Here’s what Amazon had to say:On June 5, 1944, as dawn rises over a small town on the Normandy coast of France, Emmanuelle is making the bread that has sustained her fellow villagers in the dark days since the Germans invaded her country.

Only twenty-two, Emma learned to bake at the side of a master, Ezra Kuchen, the village baker since before she was born. Apprenticed to Ezra at thirteen, Emma watched with shame and anger as her kind mentor was forced to wear the six-pointed yellow star on his clothing. She was likewise powerless to help when they pulled Ezra from his shop at gunpoint, the first of many villagers stolen away and never seen again.

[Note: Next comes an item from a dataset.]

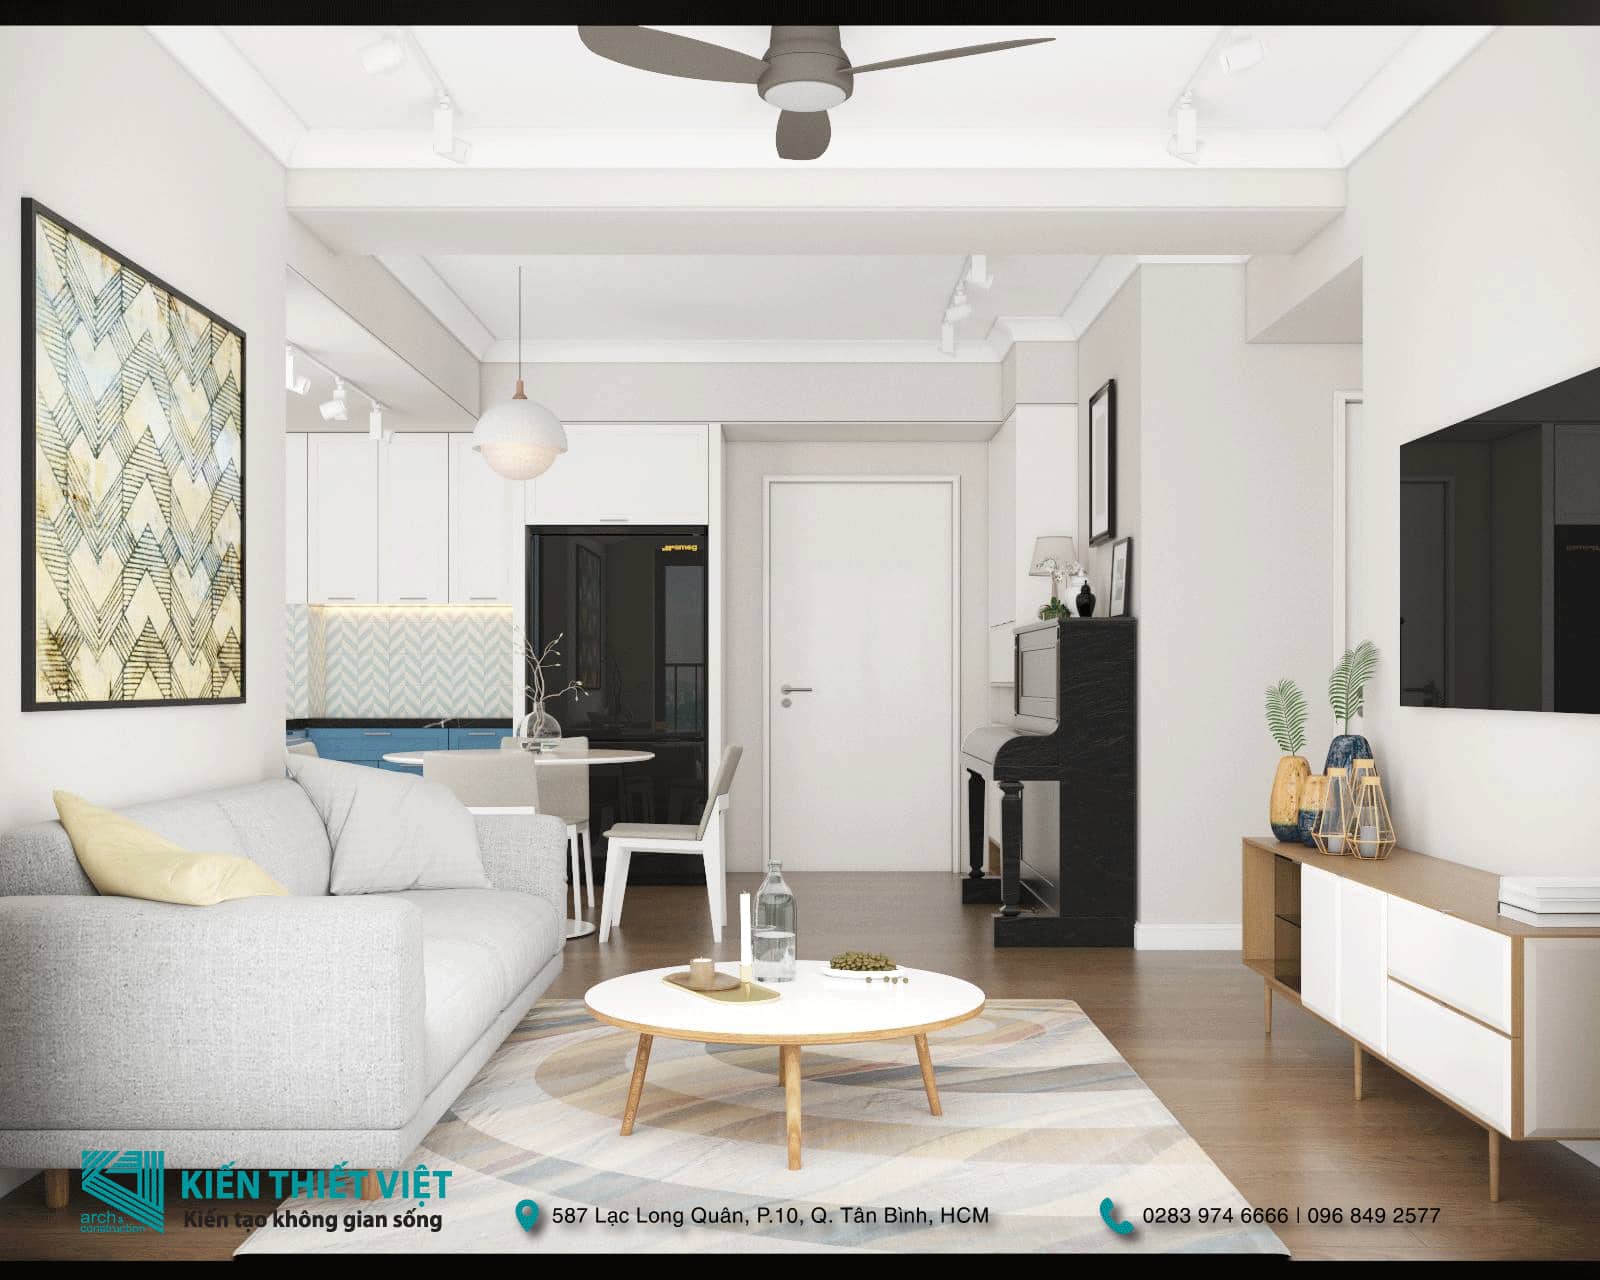 Báo giá thiết kế nội thất căn hộ chung cư căn hộ palm heights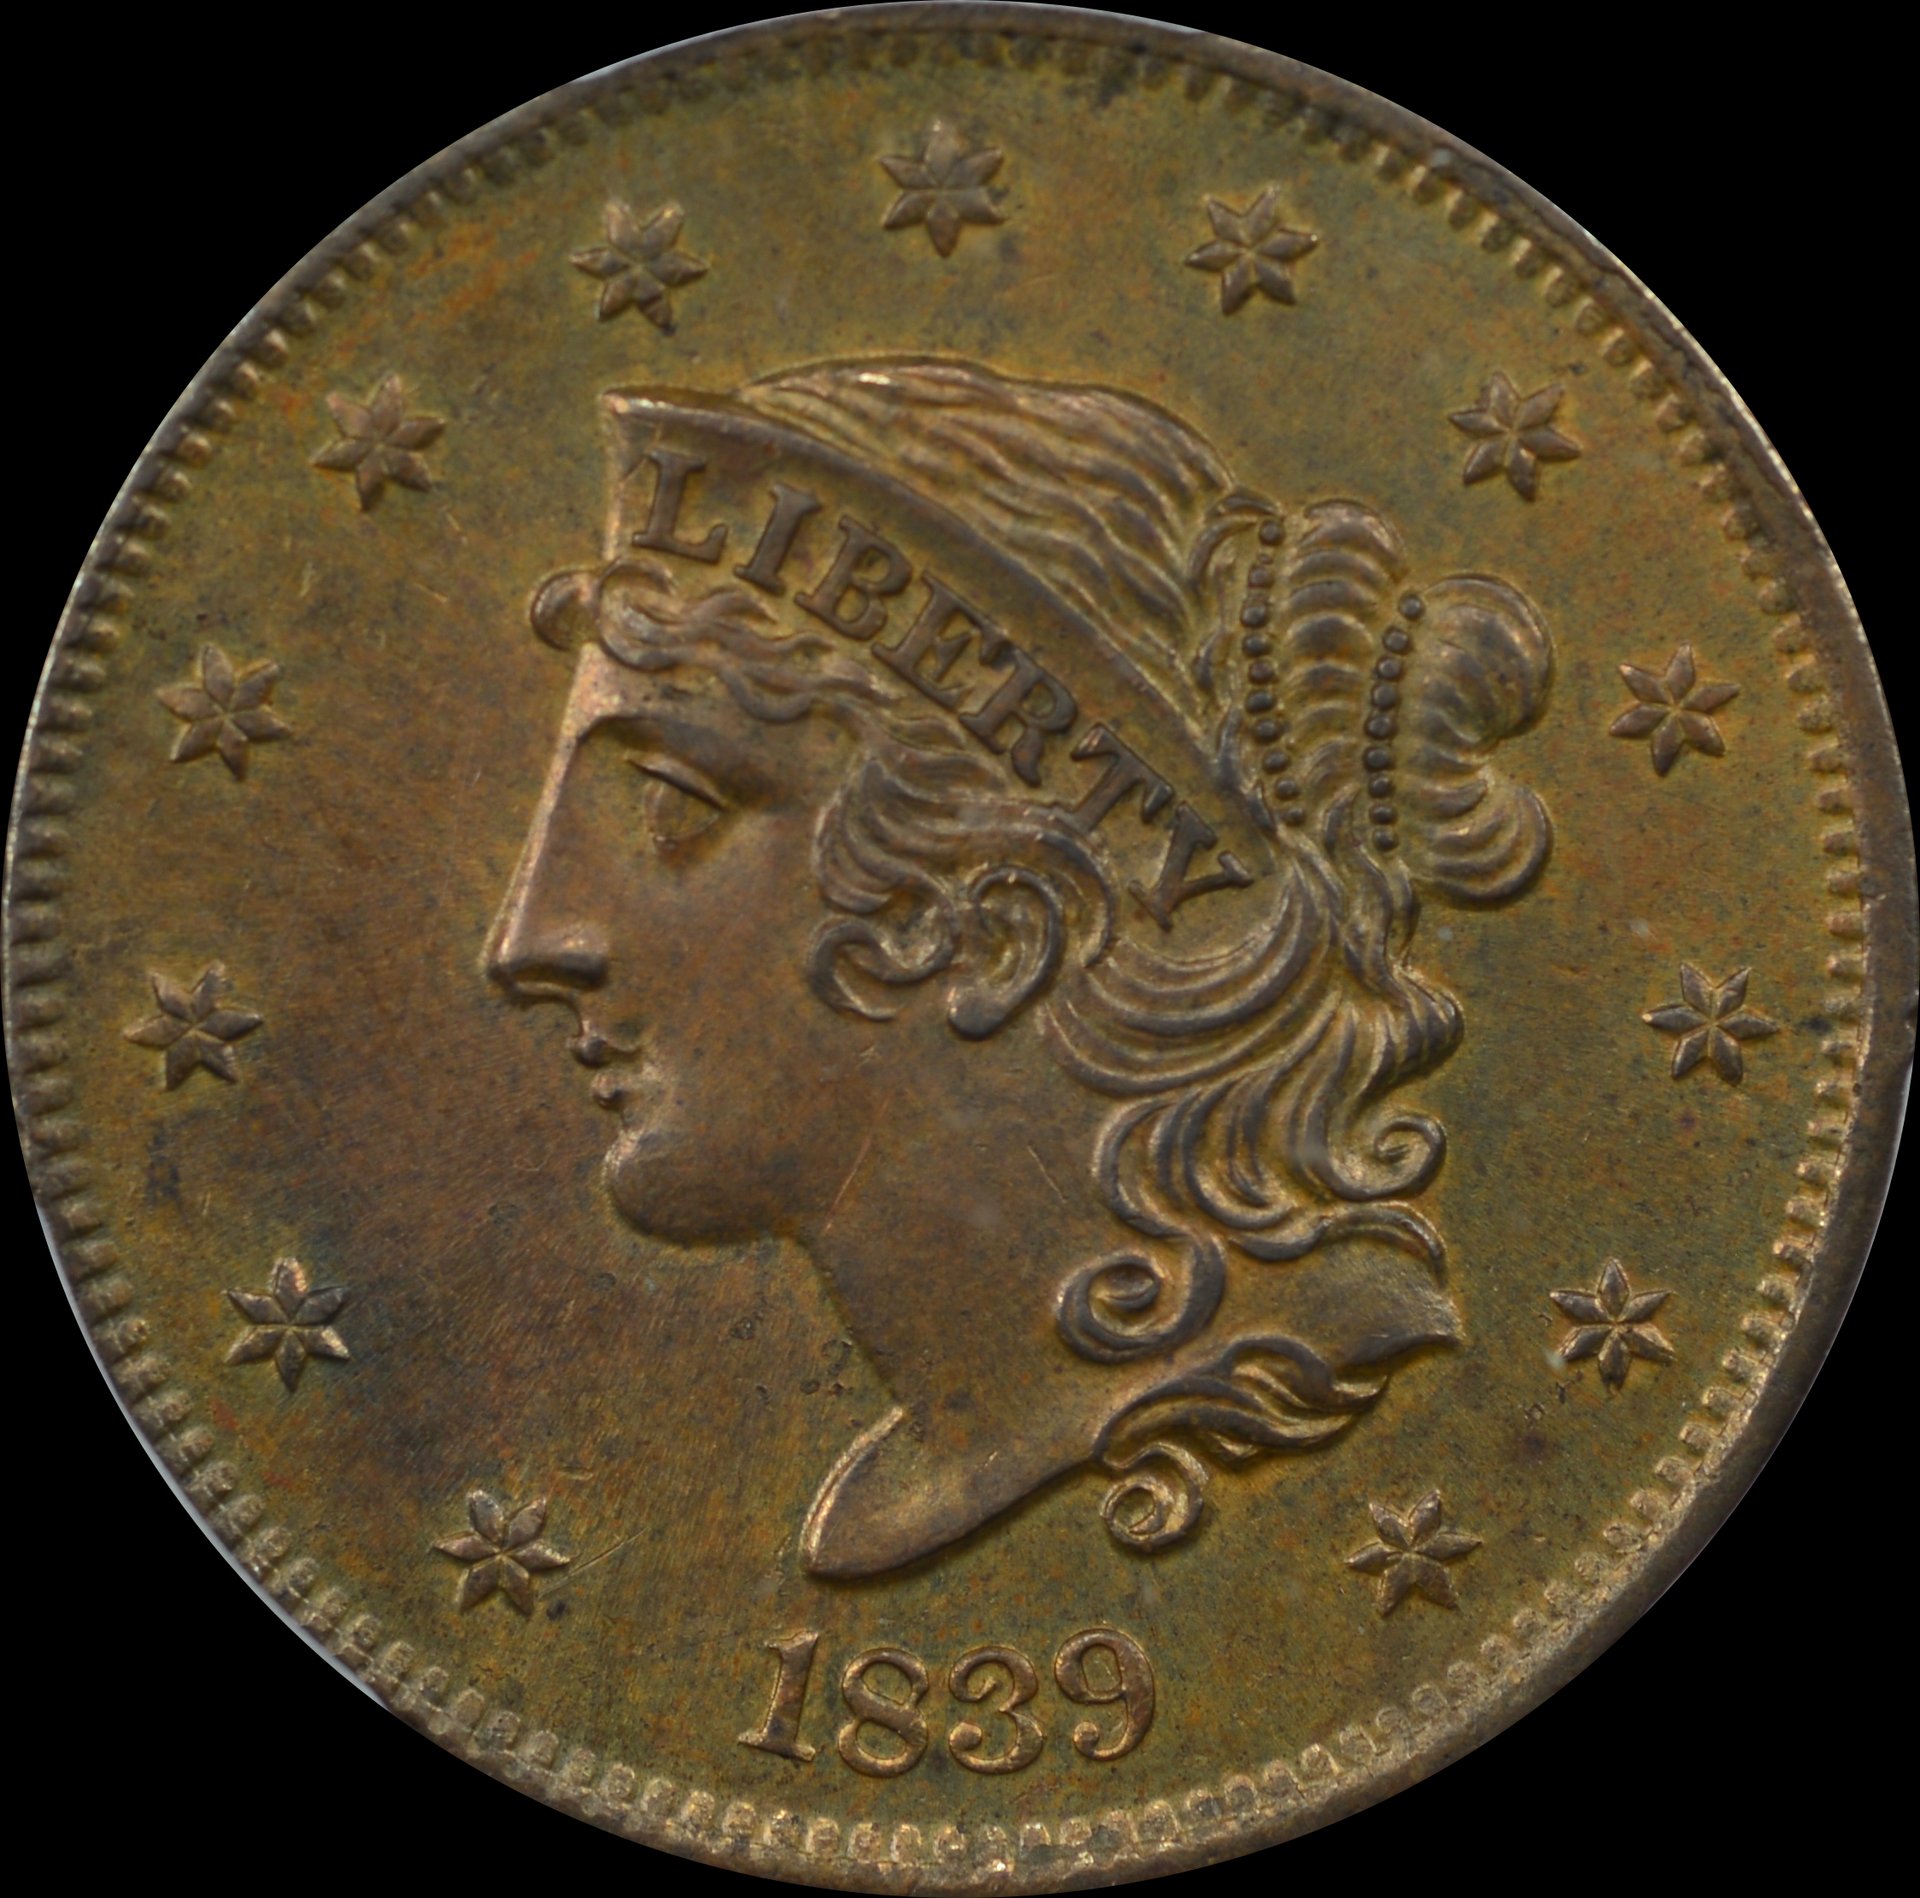 GTG-1839 N-13 Booby Head Large Cent | Coin Talk

In the years that her sleepy coastal village has suffered under the enemy, Emma has silently, stealthily fought back. Each day, she receives an extra ration of flour to bake a dozen baguettes for the occupying troops. And each day, she mixes that precious flour with ground straw to create enough dough for two extra loaves—contraband bread she shares with the hungry villagers. Under the cold, watchful eyes of armed soldiers, she builds a clandestine network of barter and trade that she and the villagers use to thwart their occupiers.

But her gift to the village is more than these few crusty loaves. Emma gives the people a taste of hope—the faith that one day the Allies will arrive to save them.”

Amazon readers gave the book 4.5 stars.  I was a little surprised to see that.  The book was good, but I didn’t LOVE it.  I’d give it 4.1 stars.  As I stated above, I think the book would have been so much better written in first person.